By Millie Muroi, Economics Writer 

In a cost-of-living crisis, I’m sure I’m not the only bargain hunter who has put giant e-commerce sites Temu, Shein and Wish to the test.

I’ve heard all the arguments against shopping online, and like most of my generation, I’ve shrugged off most of them, too. It’s how we do things when money is tight. Get with the program, or get old.

One friend splashed cash on a giant stuffed pig from Temu for my birthday, and another told me their “mate” (sure, sure) had tried buying some “weird stuff” from Wish, including weapons and sex toys. By weapons, they meant pepper spray. I didn’t press on the sex toys.

“Verdict?” I asked. “Worth someone switching suppliers?”

“Feel free to trust the online reviews,” they replied. “I can’t speak for it myself.”

You might think you’ve bagged a bargain, or something you wouldn’t buy in person, when using these sites. And in some cases, you probably have. But whether you’re stocking up on knock-off essentials, or chasing a quick hit of retail therapy, there are some risks to keep in mind.

First, there’s the good chance you’re spending more than you bargained for. Sneaky sales tactics have been used by bricks-and-mortar shops for decades. Switching up the floor plan every few weeks or months, for example, forces customers to spend more time in the store and discover products they may not have noticed before on their well-worn path.

But online shopping is a different ball game, and has ushered in a raft of new sneaky techniques. One of these strategies is gamification: where e-commerce sites turn shopping into a game-like experience. Hop onto Temu, for example, and you might mistake it for an online casino.

Timers count down how long you have before you’ll miss out on a deal. And when a roulette wheel of discounts and store credit pops up with tantalising rewards (and seemingly no possibility of losing), it would seem silly not to give it a shot, right?

The dopamine hit from activities like spinning a wheel and landing a discount help reel us in, keep us engaged, and get us invested in making use of our reward, which, of course, means spending. The countdowns, meanwhile, fuel a sense of scarcity and urgency which compel us to act now (often impulsively), rather than abandon our cart.

Gamification, of course, is not just an online phenomenon. McDonald’s, for instance, runs its Monopoly promotion every year, encouraging customers to collect tokens, some of which can be exchanged instantly in-store for discounts.

But there are few e-commerce sites which have used these tactics so heavily, and converted so many people into customers. Despite only launching in 2022, Temu has become the fifth most popular online retail brand in Australia, with an estimated 1.2 million Australians checking out on the platform, and $1.3 billion spent by them annually.

Of course, part of this comes from the hundreds of millions of dollars the company has splashed each year on advertising. This includes money spent to flood social media platforms with ads and, in the US, even a spot at the most sought-after marketing opportunity: the Super Bowl.

Since Temu’s debut, its Chinese parent company Pinduoduo has seemingly gone from strength to strength. In the first three months of this year, it raked in nearly $5.4 billion in profit, triple its earnings from the same period last year.

Apart from its mammoth marketing budget, Temu has probably also benefited from launching at a time when inflation pressures, especially across developed economies, have driven customers to intensify their hunt for bargains.

Amazon, the US behemoth which launched back in 1994 as an online bookstore, still holds the top spot in e-commerce when it comes to profits and sales globally. But companies such as Temu have come under particular scrutiny because of a Chinese intelligence law which allows Beijing to access sensitive information held by Chinese firms.

While information on the $2 phone case you bought from Temu might not be too consequential, there are suspicions the Chinese government could be accessing personal information which could expose customers to fraud or cyberattacks.

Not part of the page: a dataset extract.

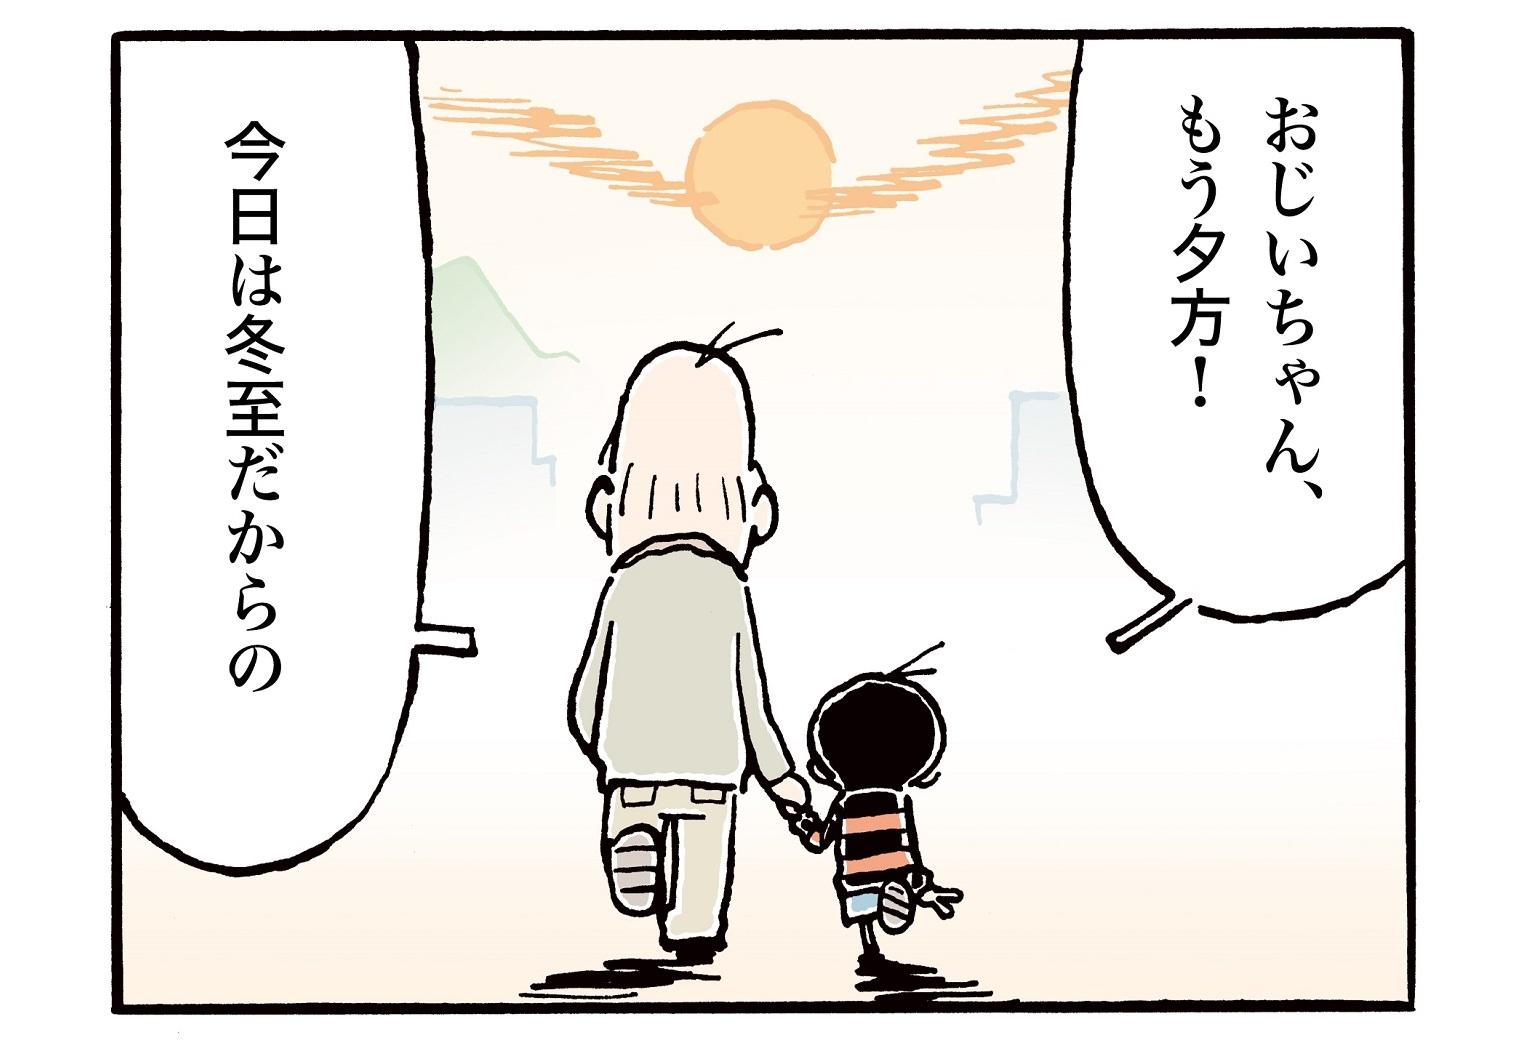 和のくらしとおもちゃの四コママンガ「ソフトマゴ」12月

And while misbehaviour by multinationals isn’t an issue unique to Chinese companies, regulation and compliance in China can be looser. Temu, for instance, has been accused of selling products built with slave labour. And authorities in Seoul this month found women’s accessories sold by companies including Shein, Temu and AliExpress contained toxic substances, some at hundreds of times above the legal limit.

There are also wider economic implications of shopping with these platforms. A tactic often used by new companies is to temporarily sell at loss-making prices; that is, they sell their goods for less than it costs to make and ship them.

It can’t be done forever, but businesses with money to burn can use these aggressive strategies to drive smaller competitors into the ground or steal customers away from bigger rivals. Consumers benefit, for a little while, from cheaper prices, but competing businesses may suffer and so, eventually, will consumers.

Then, there’s the issue of sharing data. The internet has made it easier for companies to collect personal and minute behavioural information at an unprecedented scale.

While this can be beneficial when companies can match you with products you actually need, at prices that can’t be beaten, it can also help them take advantage of our weaknesses and play to our psychology in ways that make us spend more than we should.

There’s little doubt heavy use of gamification on sites such as Temu is already hooking us in. But by engaging with these tactics in the first place, we’re also feeding into the algorithms they use, and helping these companies figure out what makes us tick.

Temu’s tagline is “shop like a billionaire”, but unless we stay alert to the risks and tactics used by these e-commerce giants, it will be their pockets we end up lining.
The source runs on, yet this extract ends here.